### [ACTIVITY]
Omit the pictures and reproduce the rest of the listing exactly.
[DATASET EXTRACT — start]
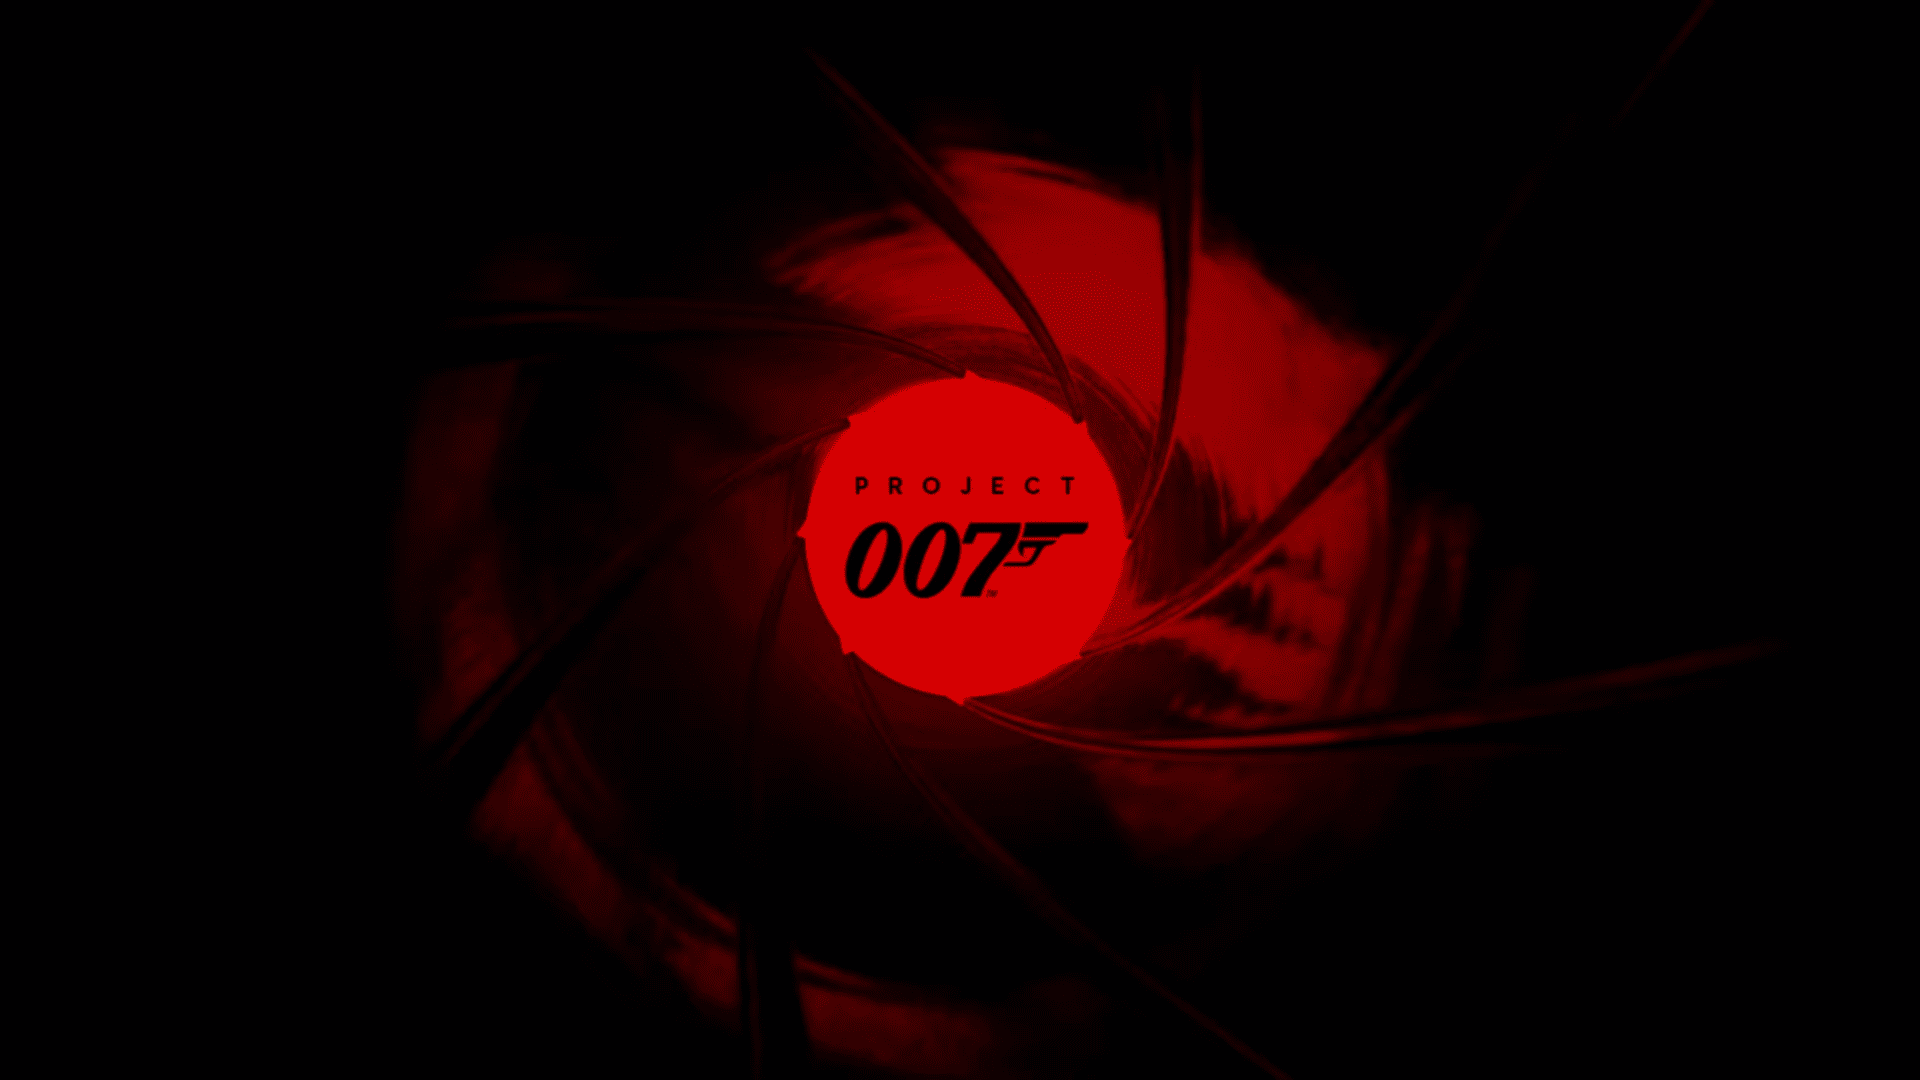 Project 007 - ein neues Spiel über James Bond wird von den Machern von Hitman bereitgestellt 13
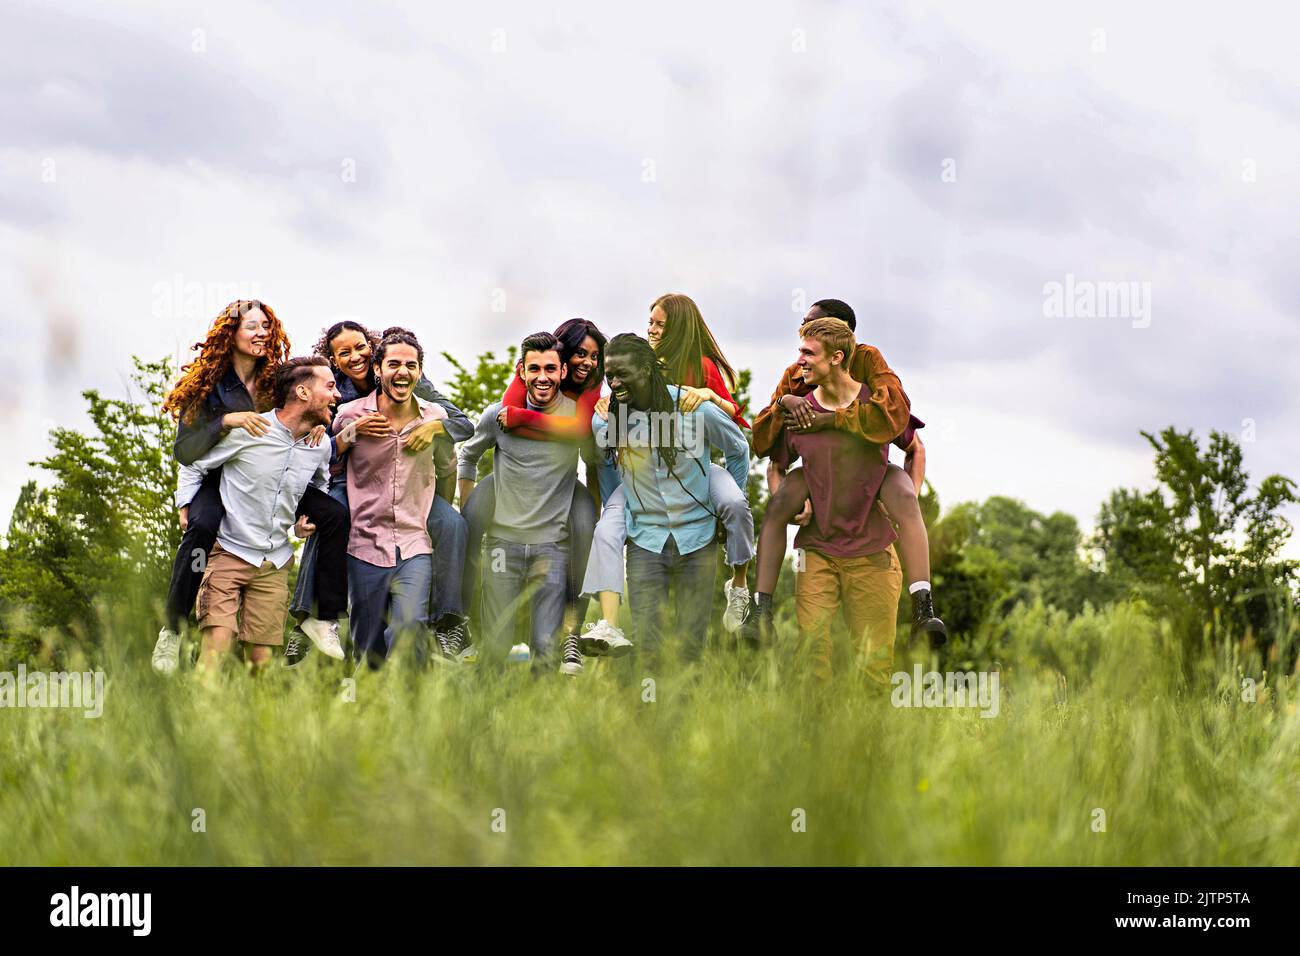 Eine Gruppe multiethnischer junger, fröhlicher Menschen, die zusammen auf dem Land spazieren und Huckepack spielen - glückliche Freunde, die Spaß haben, sich in der weeke zu treffen Stockfoto
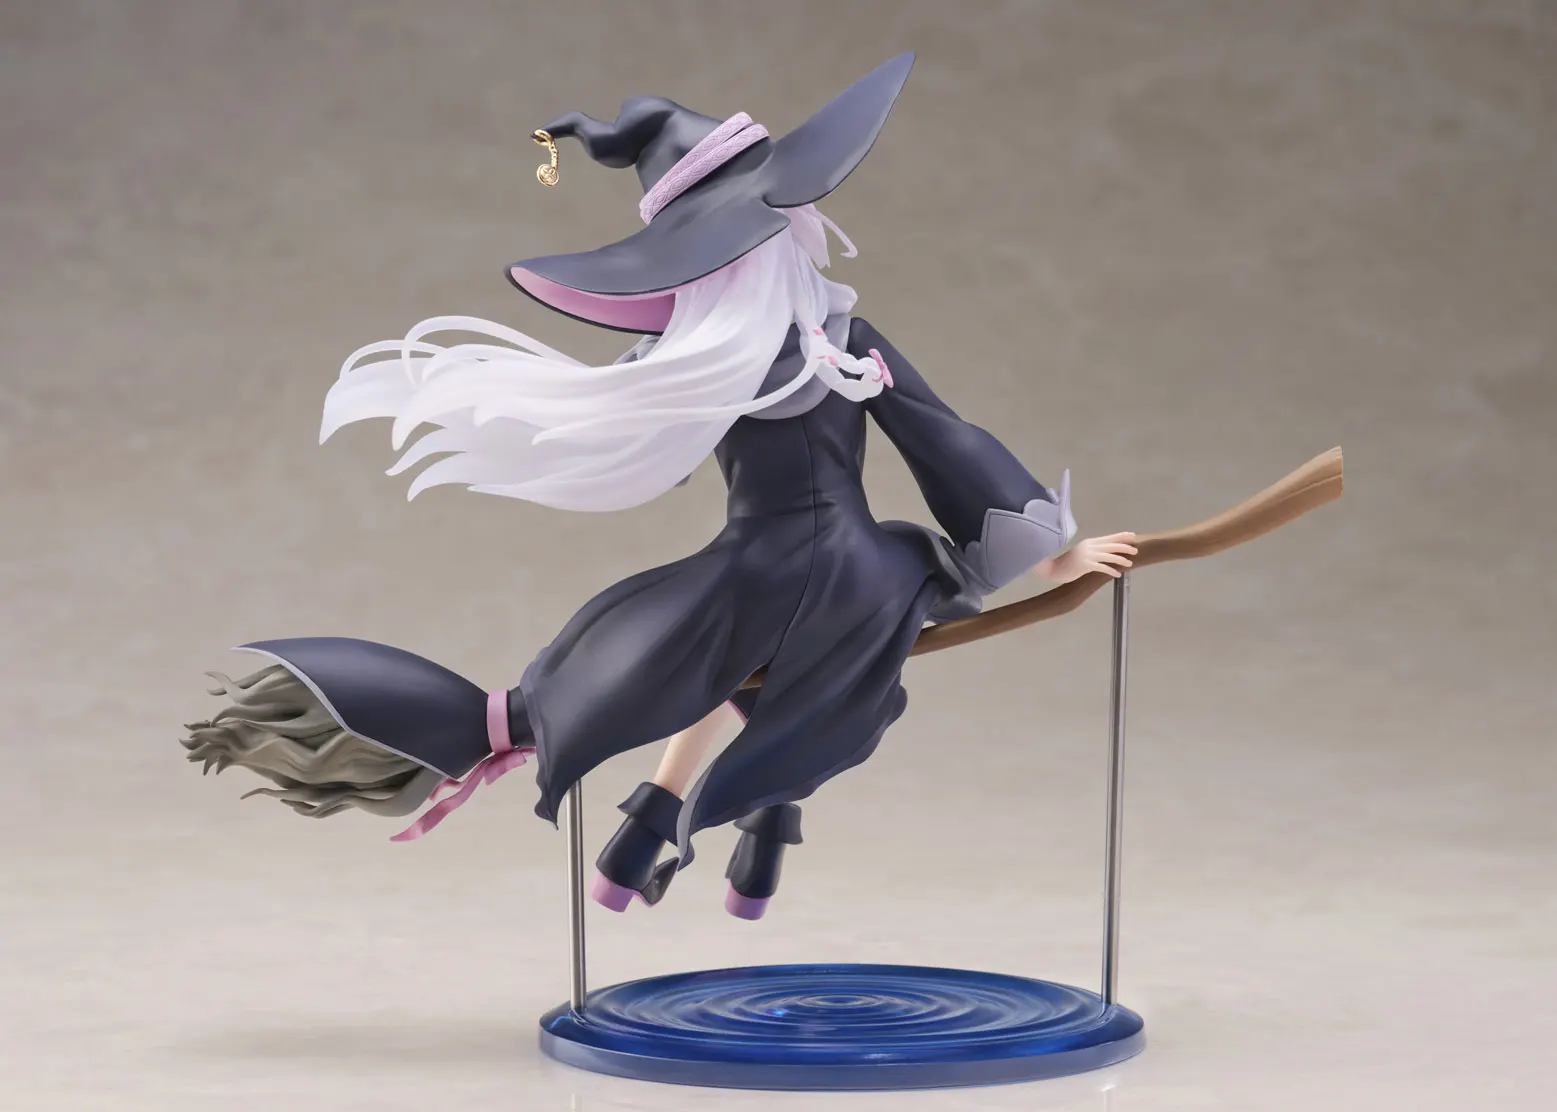 LCFUN Original TAITO Figure Elaina AMP Wandering Witch: The Journey of Elaina PVC Action Anime Model Colletion Toys images - 6
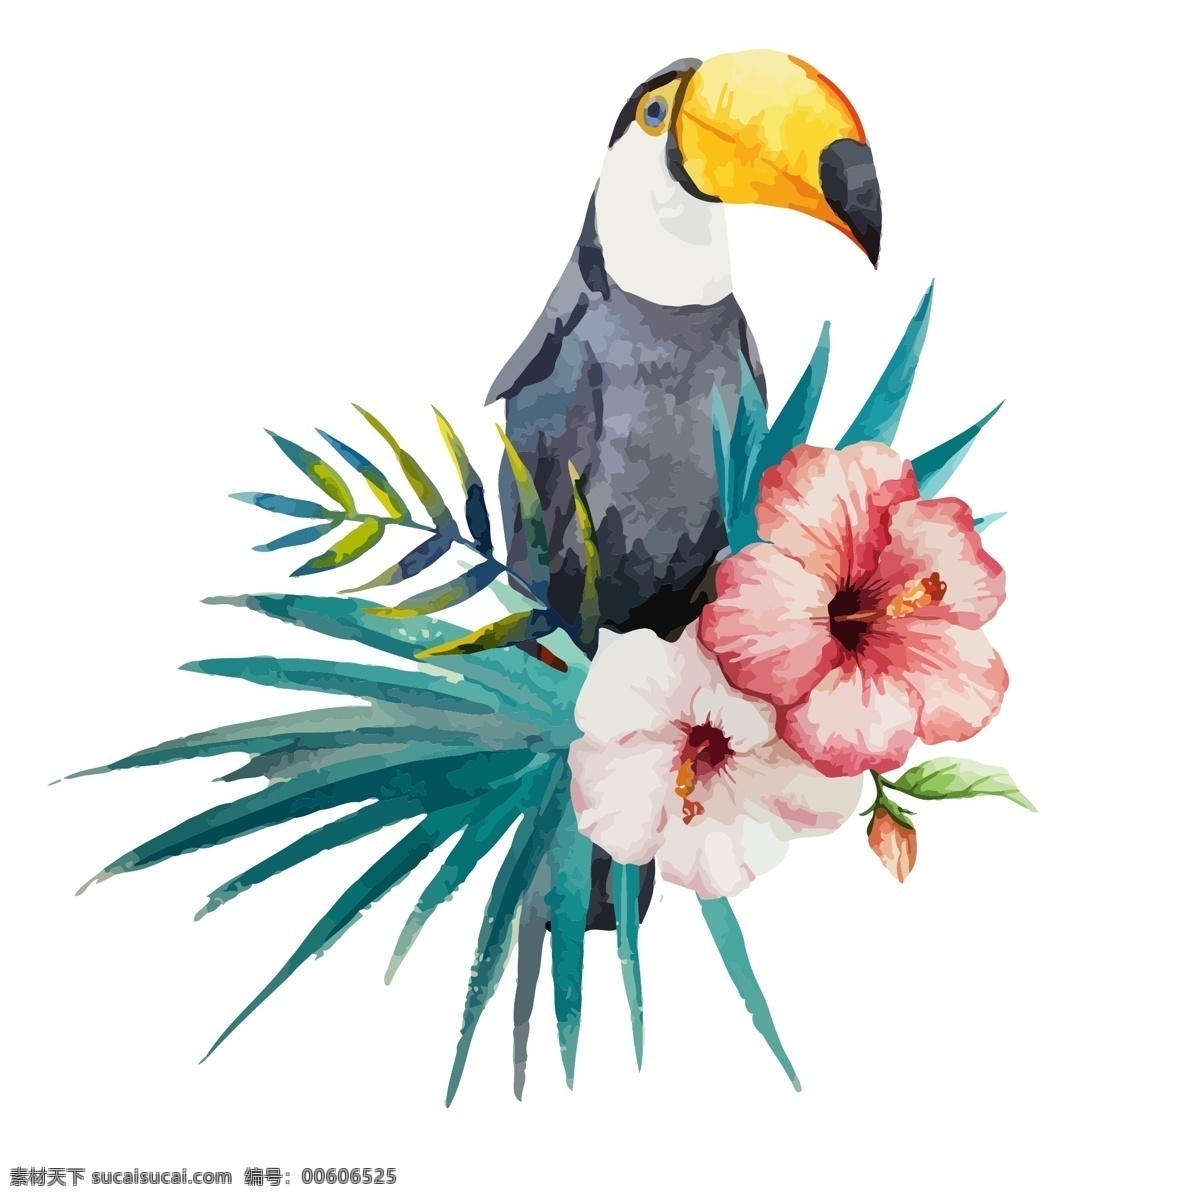 水彩 绘 可爱 大 嘴 鸟 插画 大嘴鸟 动物 花朵 热带 手绘 水彩绘 植物
[DATASET EXTRACT — finish]
### [EXPECTED OUTPUT]
 Project 007 - ein neues Spiel über James Bond wird von den Machern von Hitman bereitgestellt 13
 Eine Gruppe multiethnischer junger, fröhlicher Menschen, die zusammen auf dem Land spazieren und Huckepack spielen - glückliche Freunde, die Spaß haben, sich in der weeke zu treffen Stockfoto
 LCFUN Original TAITO Figure Elaina AMP Wandering Witch: The Journey of Elaina PVC Action Anime Model Colletion Toys images - 6
 水彩 绘 可爱 大 嘴 鸟 插画 大嘴鸟 动物 花朵 热带 手绘 水彩绘 植物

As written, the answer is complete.